Because cold smoking doesn’t thoroughly cook or cure meats, brining or salting is usually done prior to the cold smoking to ensure against spoilage during smoking or later storage.
“Our cold-smoked salmon has a nice moisture to it and it’s sliceable and doesn’t crumble like a lot of smoked salmon,” Mason said. He added that his other restaurant, Enoteca, occasionally does in-house curing and brings the meats to the Ketchum Grill to be smoked.
Curing Challenges and Advice
Both Gallegos and Mason agree that a main challenge to curing meats in Idaho is the lack of humidity.
“The humidity in Idaho’s climate is very low, and you need to have a certain amount of humidity when you dry this meat, otherwise the outside of the meat gets leathery and crusty and the moisture on the inside can’t get out,” Gallegos said, explaining that the moisture is where bacteria thrives. He said that a humidifier in his drying chamber does the trick.
Said Mason, “I tend to dry everything in the refrigerator where there is more humidity and it dries at a slower rate so the flavors are better developed, but even a cellar would work if it was 45-50 degrees in the winter. You hang it in there for several days until it dries out a bit and the flavor concentrates.”

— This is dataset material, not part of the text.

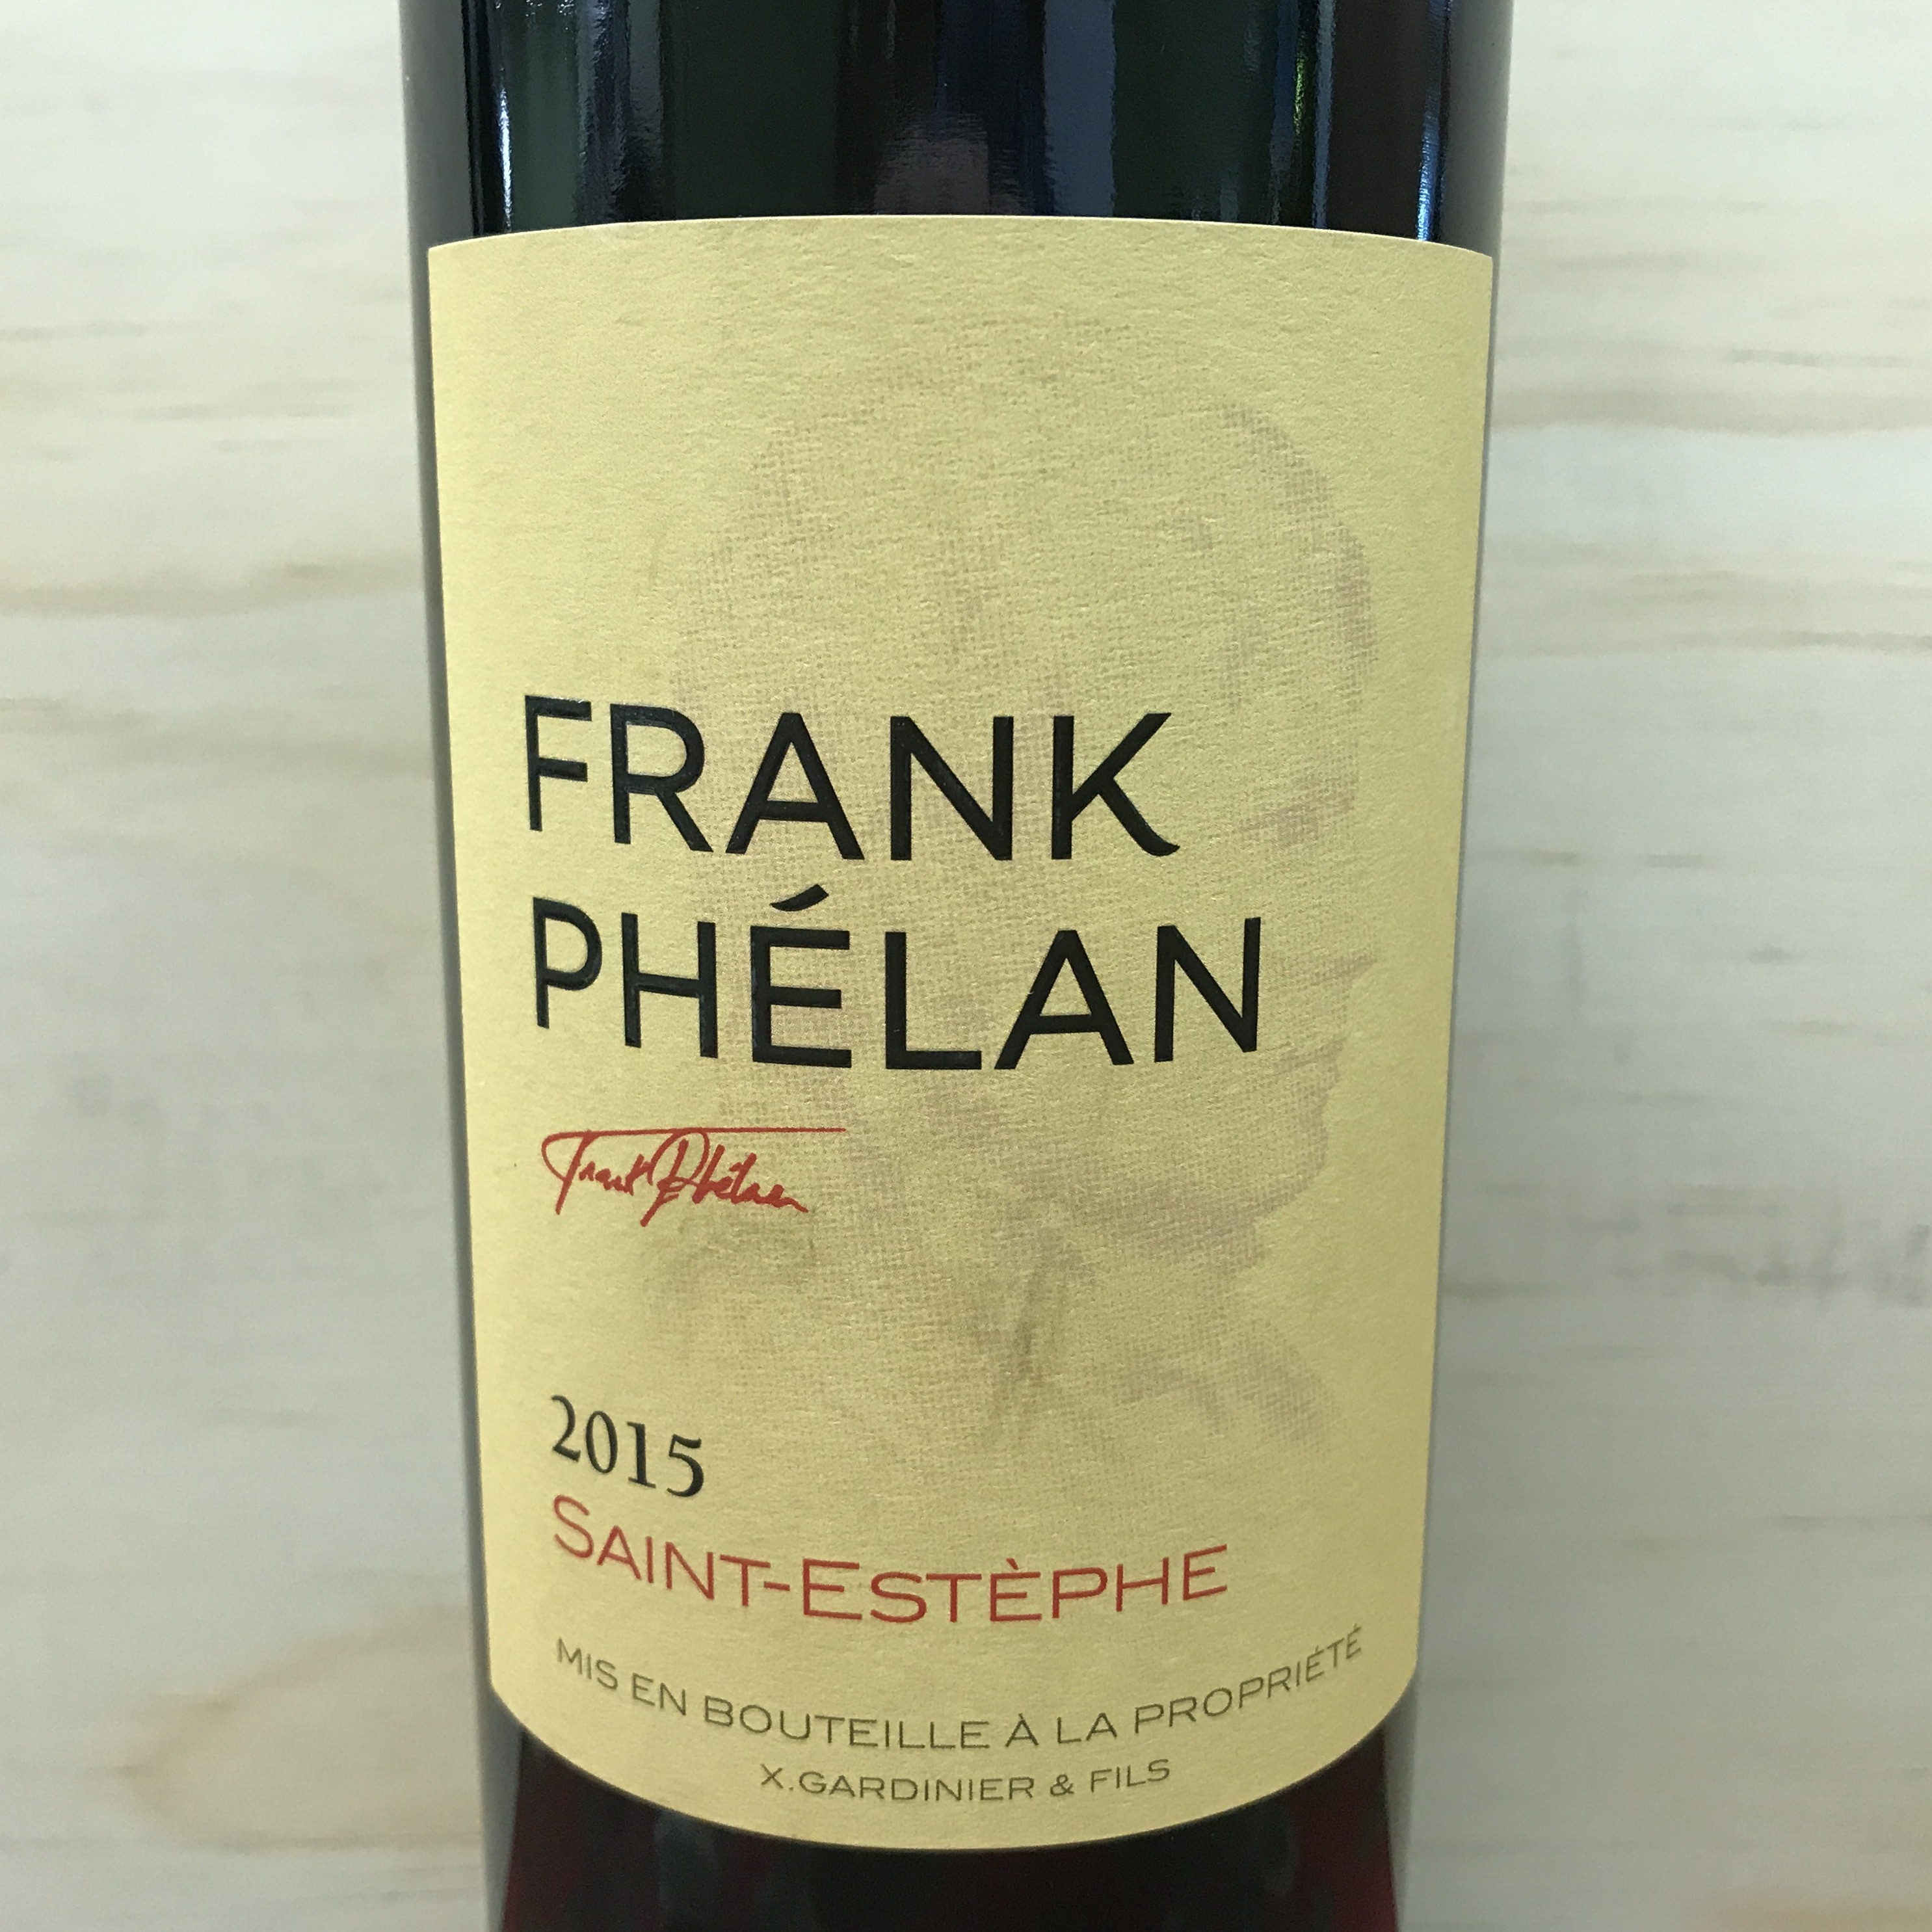 Frank Phelan Saint Estephe 2015

Their advice to people who want to start curing or smoking meat at home is to research online or invest in a good book, such as “Charcuterie: The Craft of Salting, Smoking, and Curing” by Michael Ruhlman and Brian Polcyn.
“I learned to cure through reading, research and trial and error,” said Gallegos, who on occasion butchers and cures whole pigs at home for his personal use. “Pancetta is a pretty easy place to start. There’s no smoking involved and the only equipment needed is two, one-gallon Ziploc bags and a refrigerator. You cure it for a week in the fridge, put more pepper on it, put it back in the fridge uncovered for a few days, and you have pancetta. Boom!”
Pancetta Cure
Enough for half of a pork belly, about 4 to 5 pounds
100 g. kosher salt
100 g. brown sugar
2 teaspoons pink curing salt
30 g. garlic, coarsely chopped
¼ cup crushed black peppercorns
¼ cup crushed juniper berries
20 bay leaves crumbled
1 whole nutmeg berry grated on microplane
30 grams fresh thyme, one large bunch, chopped stems and all
Mix all above ingredients together in medium size mixing bowl. Cut belly in two equal pieces. Place each piece in a one-gallon Ziploc bag, rubbing cure evenly on both sides of belly. Seal. Place on cookie sheet in refrigerator for 10 days, flipping them over after four days, until belly has given up quite a bit of liquid and is firm. After belly is cured, rinse off cure and rub each belly piece with 2 tablespoons of crushed black peppercorns. Place uncovered on sheet pan and place back in refrigerator, flipping over every day, for four days.